After the Japanese experience, Sena started to collaborate regularly, both as an actress and choreographer, with the Teatro Experimental de Cascais (TEC), particularly in productions by Carlos Avilez. In 1971 she was invited to put on, in Norway, a show composed of short plays by the French playwright, poet and musician Jean Tardieu. As a fellow of the Calouste Gulbenkian Foundation, she went to Copenhagen in Denmark, where she won a prize for children's theatre. Her last work for the Gulbenkian Foundation was in 1975. She also worked on several films.

In 1979 she received professional certification as an international theatre and dance teacher, having taught in Berlin, Leipzig and Dresden. That same year she taught at the Macau Cultural Institute and directed a Portuguese-Chinese show based on texts by Gil Vicente. Between 1989 and 1994 she held a teaching position at the Lisbon Theatre and Film School and, between September 1998 and January 2000, she also taught at the TEC school.

==Death==
Sena died of cancer in Cascais on 15 December 2019 after a long illness.
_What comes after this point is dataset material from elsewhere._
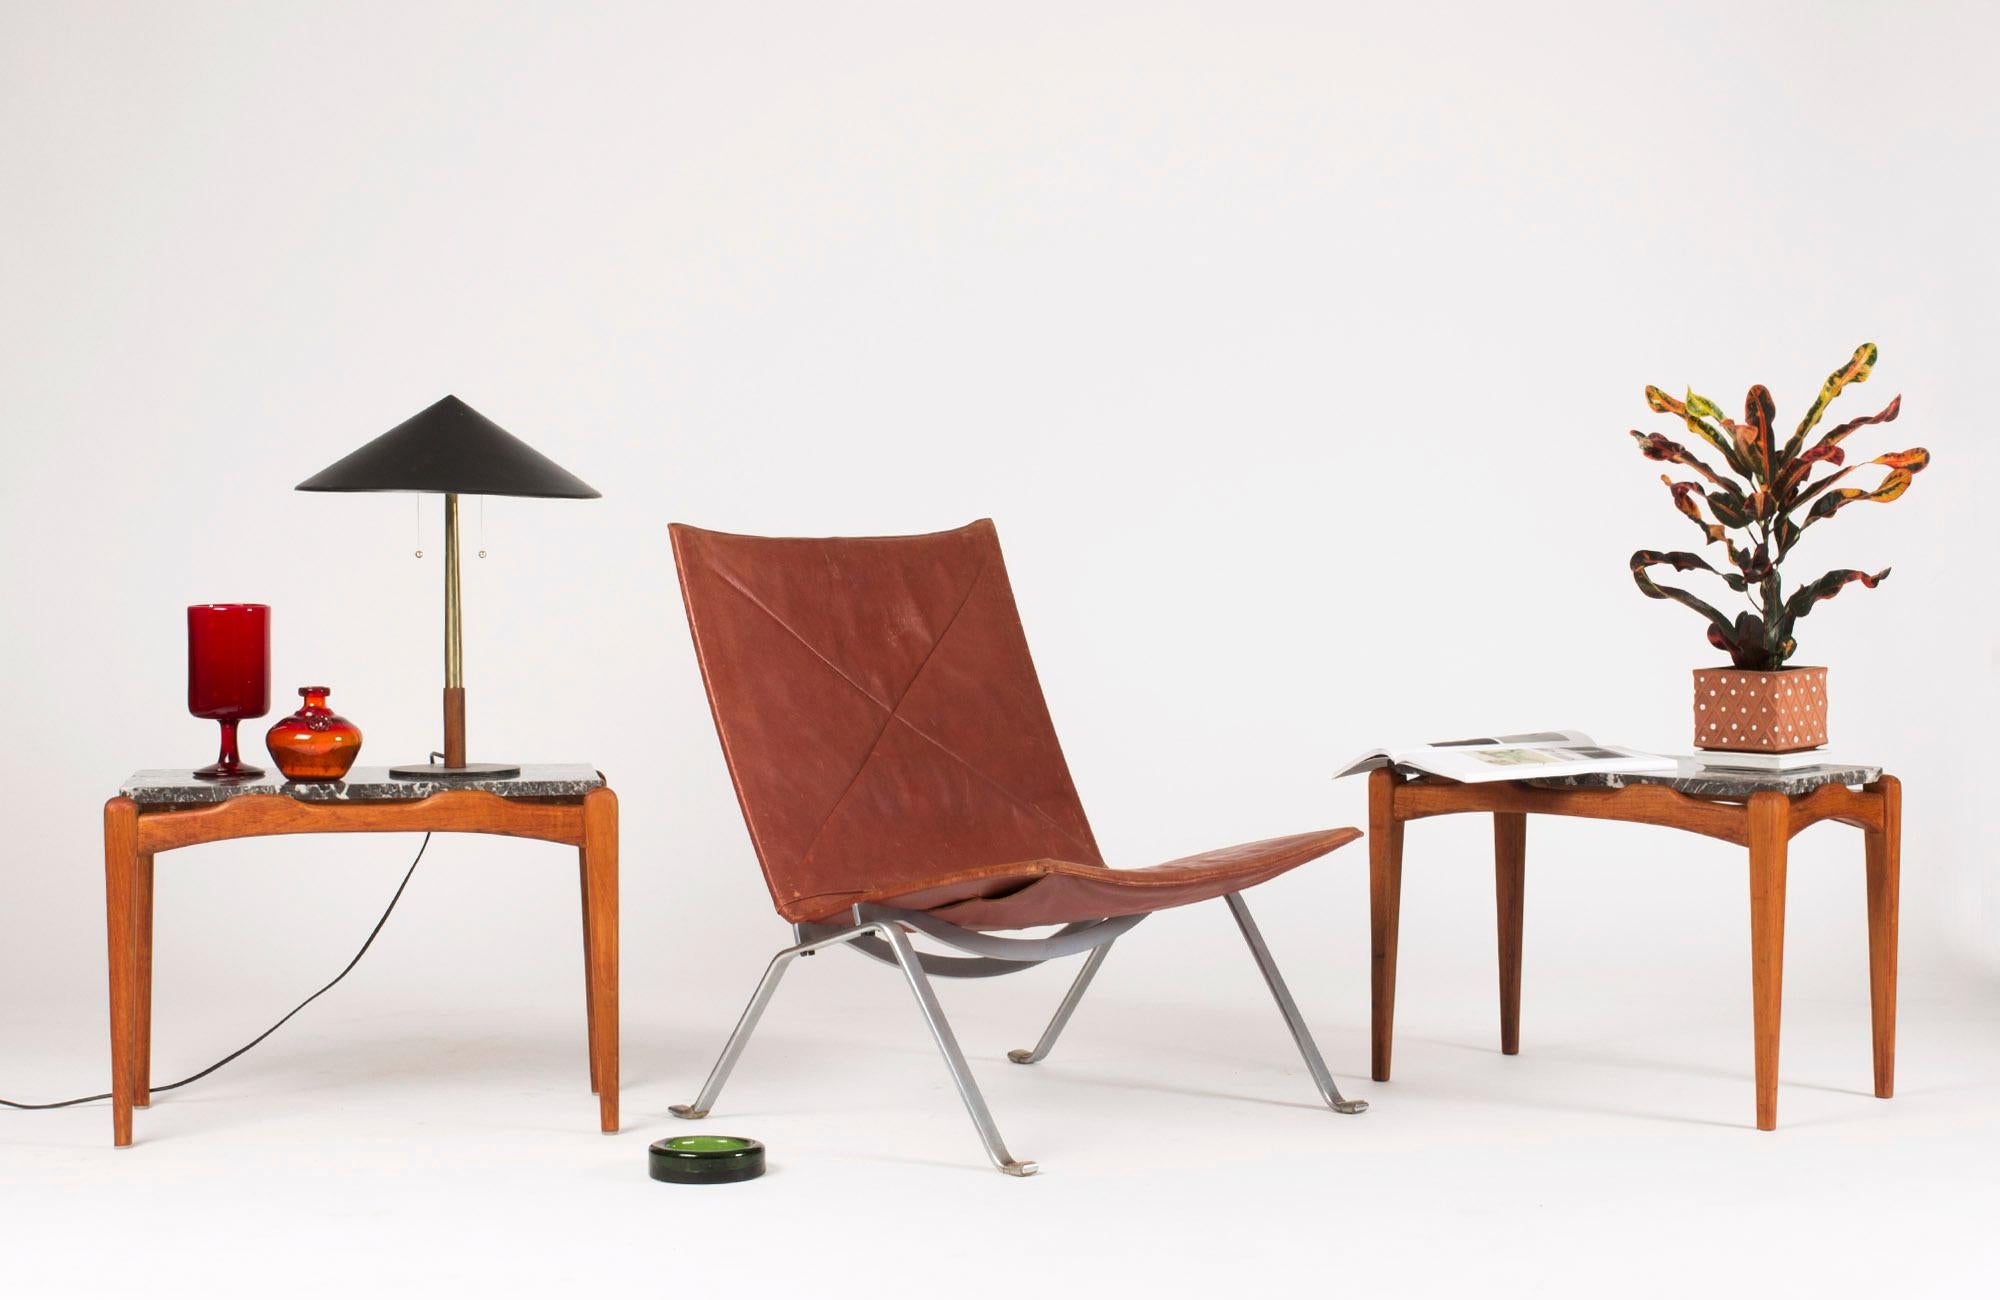 Pair of “Pk 22” Lounge Chairs by Poul Kjaerholm 1

In her later years she had serious vision problems and lived in a nursing home. She was buried at the Alcabideche cemetery.

==Awards and distinctions==
In 1962 Sena won, together with dancers Isabel Santa Rosa and Armando Jorge, the Bordalo Prize in the Ballet category for her choreography. At Expo '70 her show, Namban Matsuri was considered the best show at the exhibition. In 1994 she was made a Commander of the Order of Prince Henry. In 1996 she was made an honorary citizen of Cascais, while in 2005 she was awarded the Medal of Honour of the Portuguese Society of Authors.

Sena appears on a 2015 Portuguese €0.72 postage stamp.